This month’s edition is provided by
Father Patrick H Daly
Familiar
I am familiar with Caversham Bridge since my first day at Our Lady & St. Anne. Given that I arrived in Reading by train, it was impossible for me to get to 2 South View Avenue without crossing the Thames. This newspaper is named after the town’s principal landmark. Its vocation is to keep people informed about what is going on in the town and in the various Christian communities in particular. In the case of Caversham, the bridge is the gate of entry into the town; once you have crossed the bridge, you are here.
It is also the gateway to Reading, a bigger city with which we have so many ties. Were it not for the bridge, communication with our neighbours the other side of the river would be much more difficult. Caversham Bridge links the Catholic dioceses of Birmingham and Portsmouth, particularly necessary for me, given that I have priestly duties in two deaneries in the two separate dioceses. Some of the most magnificent engineering constructions in the world are bridges: the Clifton Bridge in Bristol, the Sydney Harbour Bridge, the Golden Gate in San Francisco or the new bridge linking Copenhagen and Malmö at the entrance to the Baltic.
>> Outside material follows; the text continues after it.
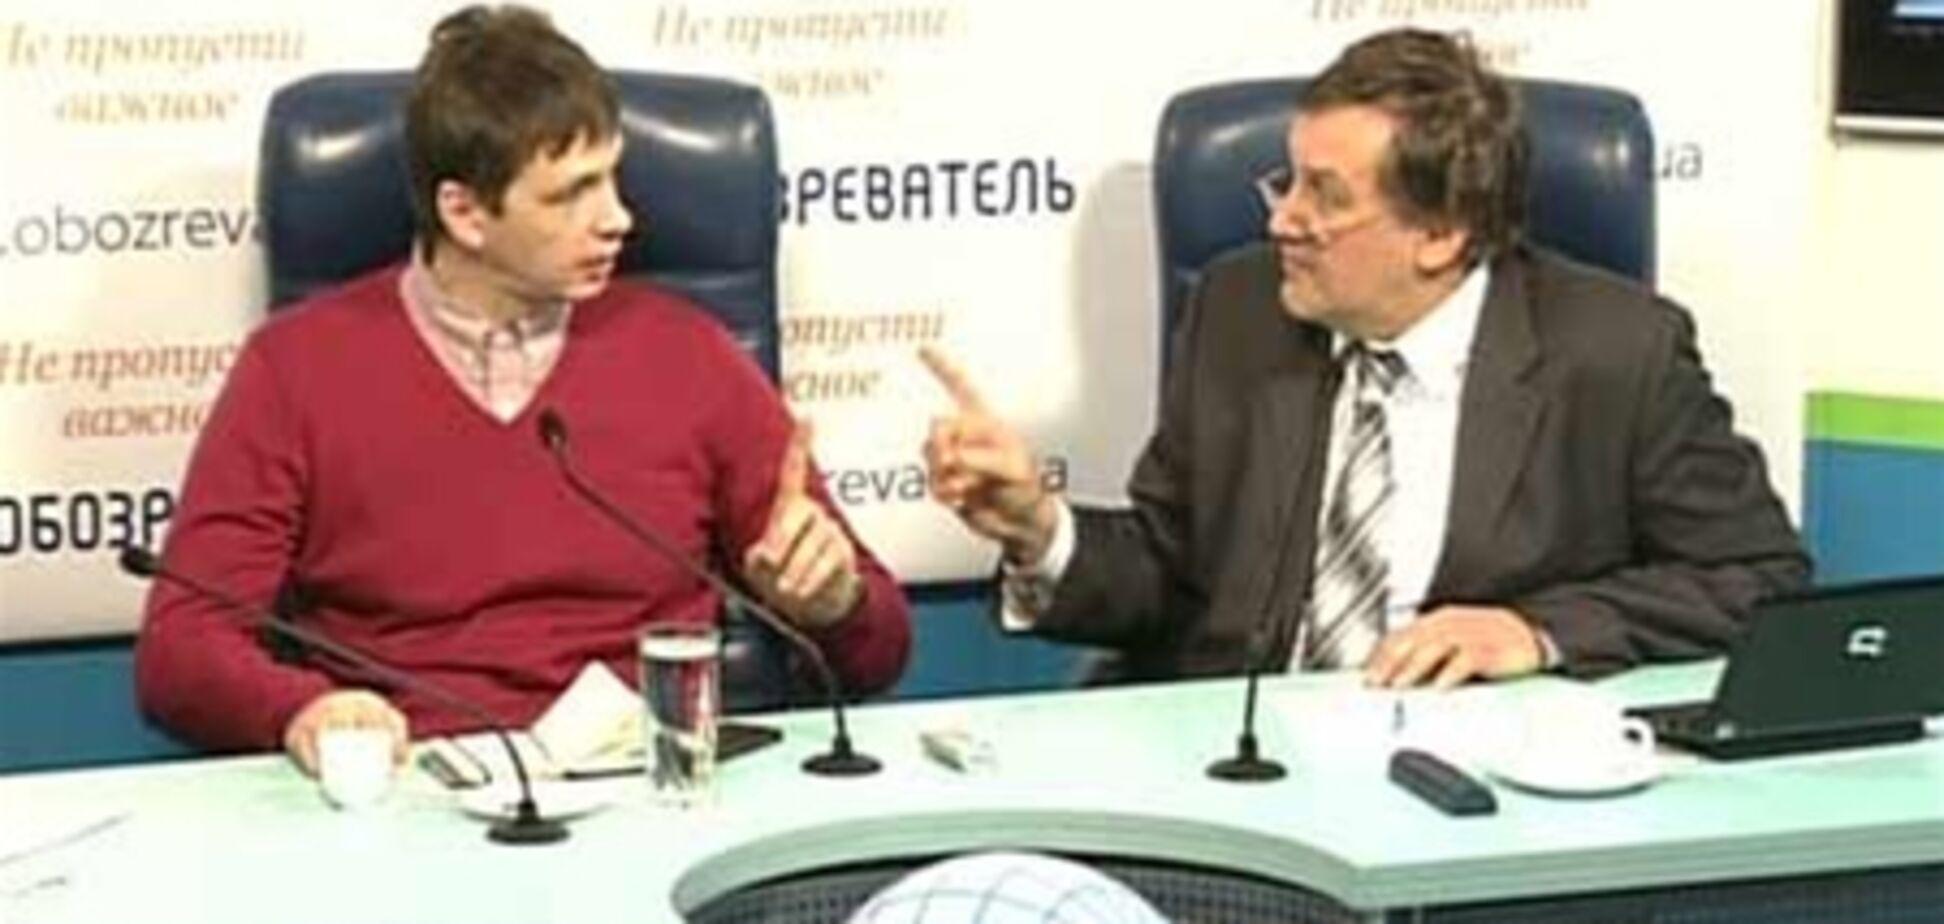 Актуализация темы Тимошенко нежелательна накануне саммита Украина-ЕС – эксперт

There are bridges which played a very important role in history: the Milvian Bridge to the north of Rome where Constantine won the imperial crown, the Charles Bridge in Prague from which St. John Nepomuk, patron of confessors, was thrown into the River Vitava for refusing to reveal the confessional secrets of his penitent the Queen of Bohemia, or the bridge on the River Kwai. Bridges connect people.
When nations or peoples are in dispute, we often say it is essential to build bridges. We talk of negotiations between couples at odds, between employers and employees in an industrial dispute, or between countries at war as bridge-building exercises. It is significant that on each Euro note we find a viaduct, aqueduct or bridge: the European project is about linking nations together, enabling people to move freely, assisting those of different languages to communicate. One of the titles given to the Pope and taken over from the Roman Emperor was pontifex maximus, the supreme bridge-builder. And the Pope so frequently reconciles parties who are at odds within the Church as well as reaching out to other denominations and the family of nations to bring them together and facilitate communication with one another.
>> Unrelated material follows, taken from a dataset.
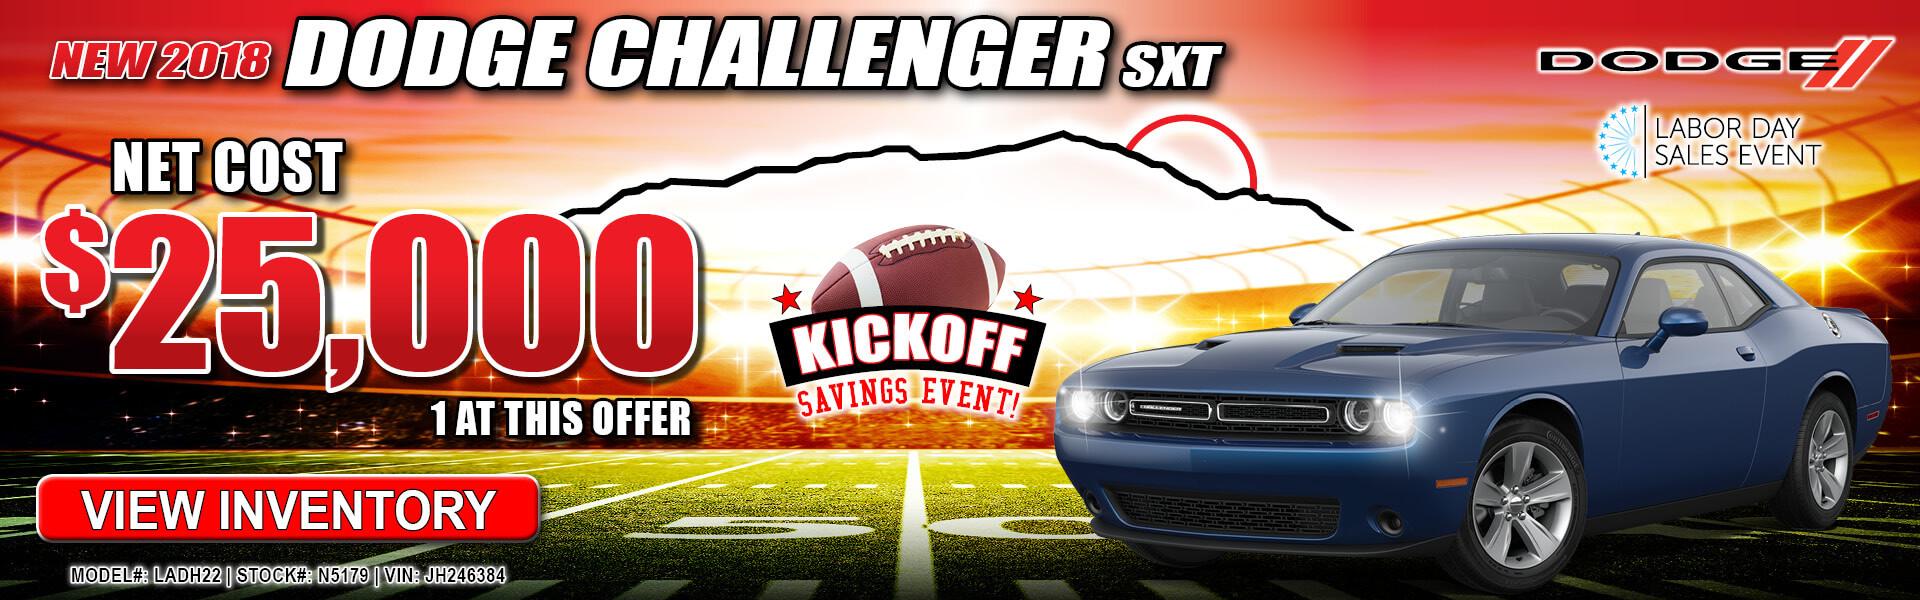 Dodge Challenger $25,000

The (re)construction of a bridge is often a powerful exercise in reconciliation: the old bridge in Mostar, destroyed in 1990 in the Balkan conflict and restored in 2004 as a UNESCO protected monument is but one eloquent recent example. This meandering reflection on bridges suggests that the title of this newspaper is singularly apposite. It nods in the direction of Caversham’s most significant monument. It provides a pathway between people who are secure in their different identities but desire to share more of what they have in common. It links diverse individuals and groups and, above all, it is itself an exercise in bridge-building across a multi-cultural community, because it informs, it explains and it is inspired by a dedication to Him who prayed “that they may all be one.”